Now at the Molecular Level
One of the most powerful evidences for evolution are the similarities between species. The reason why the similarities are such powerful evidence is that a great variety of designs are possible. A wise designer certainly would make use of this great variety of possible designs but common descent is restricted to whatever is available. Consider, for example, the pentadactyl structure—five digits (four fingers and a thumb for humans) at the end of the limb structure—which is found throughout the tetrapods. The activities of this massive group of fauna include flying, grasping, climbing and crawling. Such diverse activities, evolutionists reason, should require diverse limbs. There seems to be no reason why all should need a five digit limb. Why not three digits for some, eight for others, 13 for some others, and so forth? And yet they all are endowed with five digits. Their shapes and sizes vary greatly, but nonetheless there are five digits. Obviously the pentadactyl structure must be an artefact of common descent—a suboptimal design that was handed down from a common ancestor rather than specifically designed for each species.
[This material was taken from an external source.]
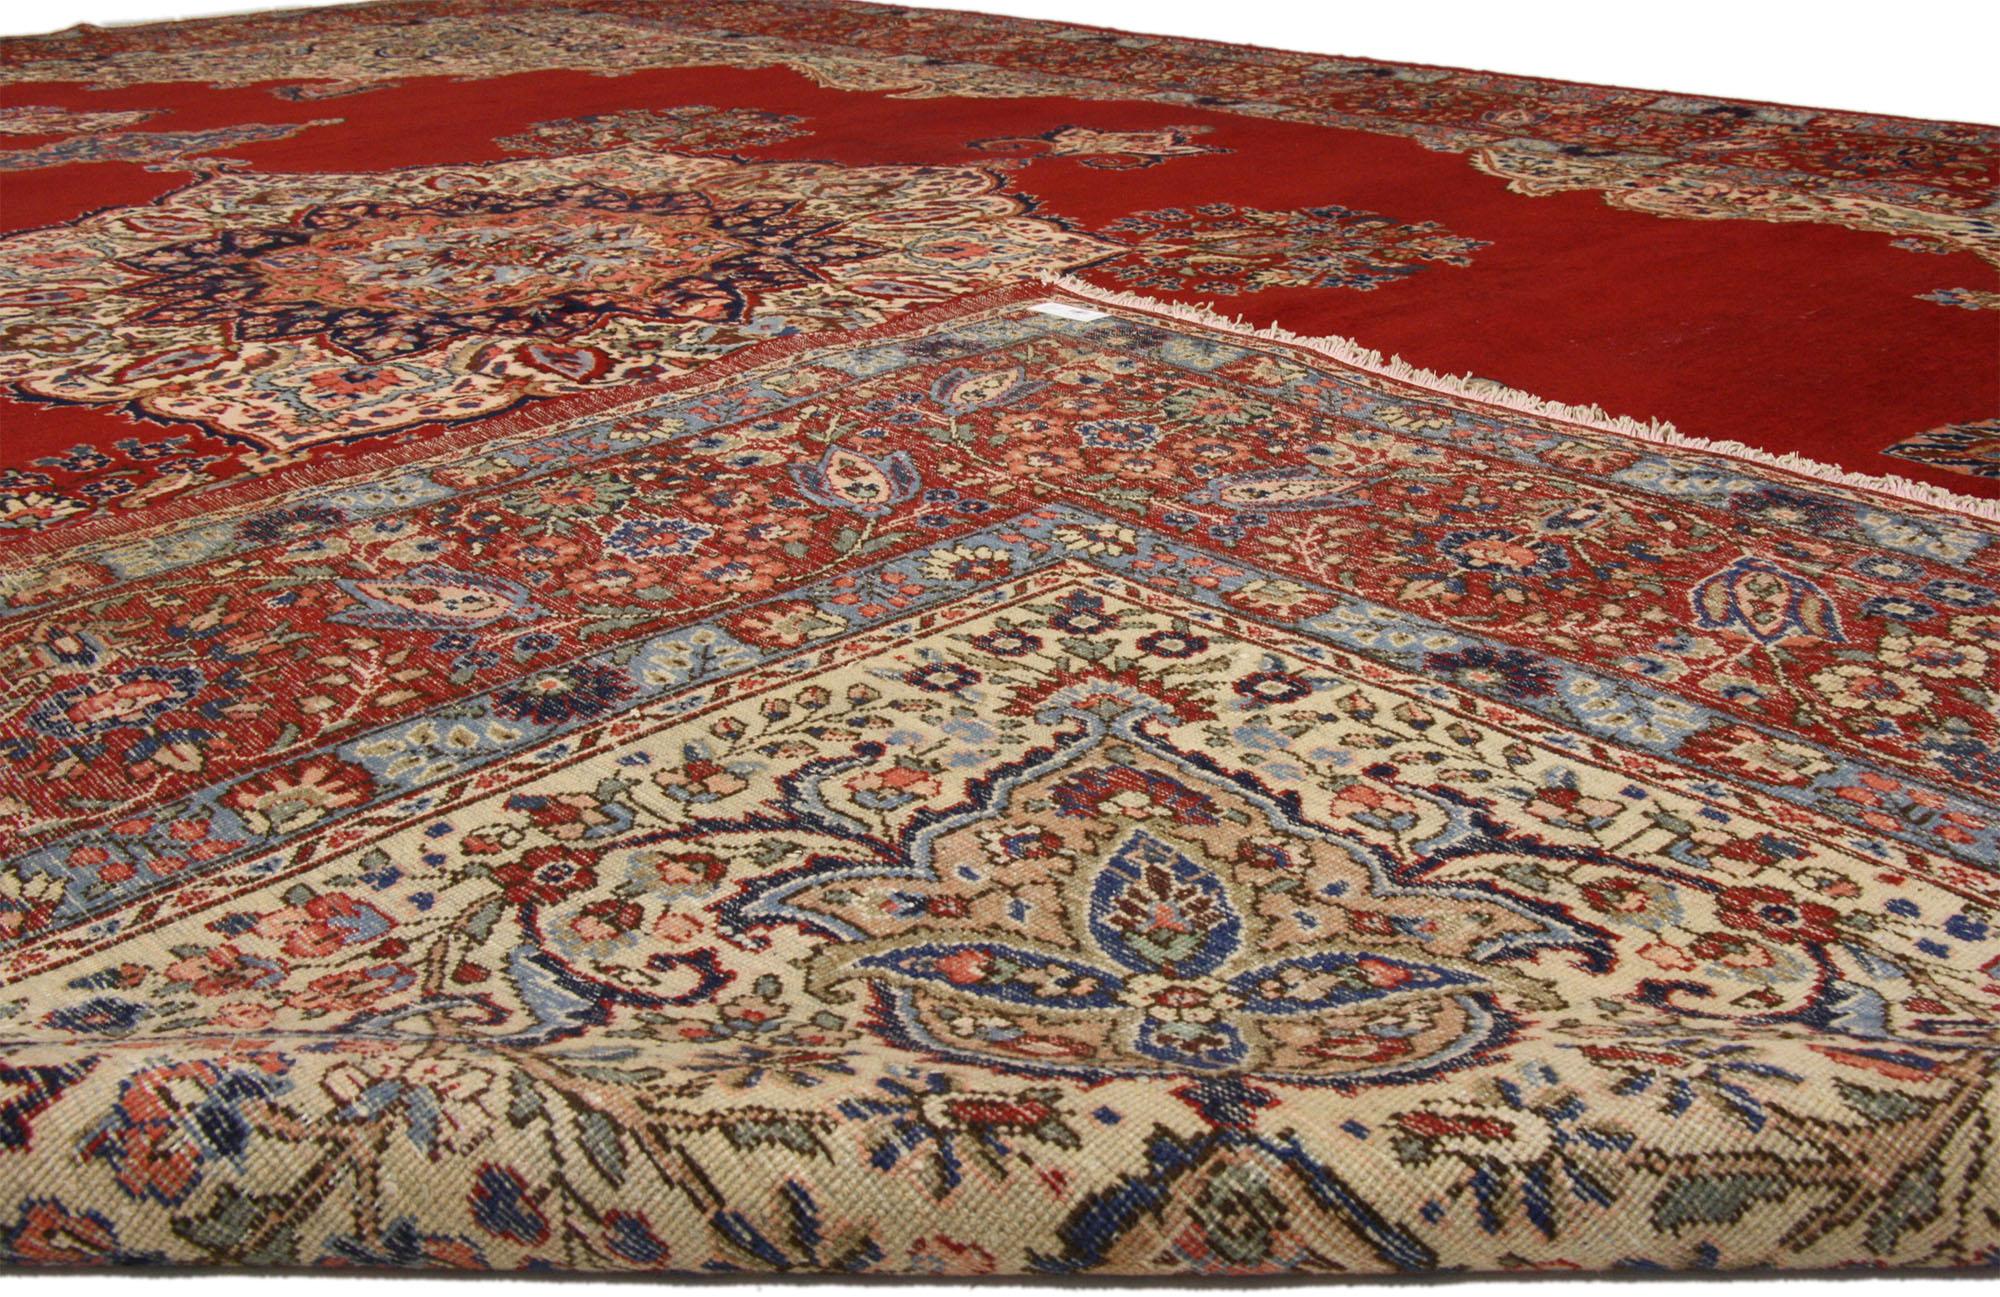 Antique Persian Tabriz Rug, 11'09 x 17'06  In Good Condition For Sale In Dallas, TX

A key premise of this argument is that a tremendous variety of designs is possible.
One problem with this argument, however, is that many of the similarities between species do not fall into the hypothetical evolutionary pattern. In these cases evolutionists must say that the similarities evolved independently rather than by common descent, via a process they call convergent evolution. But if a tremendous variety of designs is possible, then why would the random, unguided process of evolution just happen to find the same design so often?
Evolutionists explain this by appealing to natural selection, but in doing so they demonstrate that common descent is not necessary to explain these similarities. In other words, they need not be an artefact of common descent.
Years ago this problem was not critical as convergent evolution seemed limited. But since then, in the inexorable march of science, the cases of convergent evolution have skyrocketed. And even evolutionists are now agreeing that it will only become worse.
The latest example is the independent evolution of echolocation in mammals such as bats and whales. Such convergence has been known for some time now, but now it is observed at the molecular level as well. As the paper
explains, “convergence is not a rare process restricted to several loci but is instead widespread”.
As one evolutionist
admitted, “These results imply that convergent molecular evolution is much more widespread than previously recognized”. And another
admitted that the results are astonishing:
We had expected to find identical changes in maybe a dozen or so genes but to see nearly 200 is incredible. We know natural selection is a potent driver of gene sequence evolution, but identifying so many examples where it produces nearly identical results in the genetic sequences of totally unrelated animals is astonishing.
And that’s not all. The evolutionists were also surprised to find similar molecular patterns in many genes linked to vision. Apparently evolution is not so constrained, and not limited to working with whatever designs happen to be available, as evolutionists have so strenuously argued. As the evolutionists were forced to conclude, convergent evolution is probably “much more pervasive than previously recognized.” In fact, even the venerable pentadactyl pattern has fallen prey to convergent evolution. As one study
concluded:
Even more striking, we find strong statistical support for the re-acquisition of a pentadactyl body form from a digit-reduced ancestor. … The results of our study join a nascent body of literature showing strong statistical support for character loss, followed by evolutionary re-acquisition of complex structures associated with a generalized pentadactyl body form.
Or as one evolutionist simply put it, “The conclusion seems inescapable, and an old ‘certainty’ must be starkly reversed.”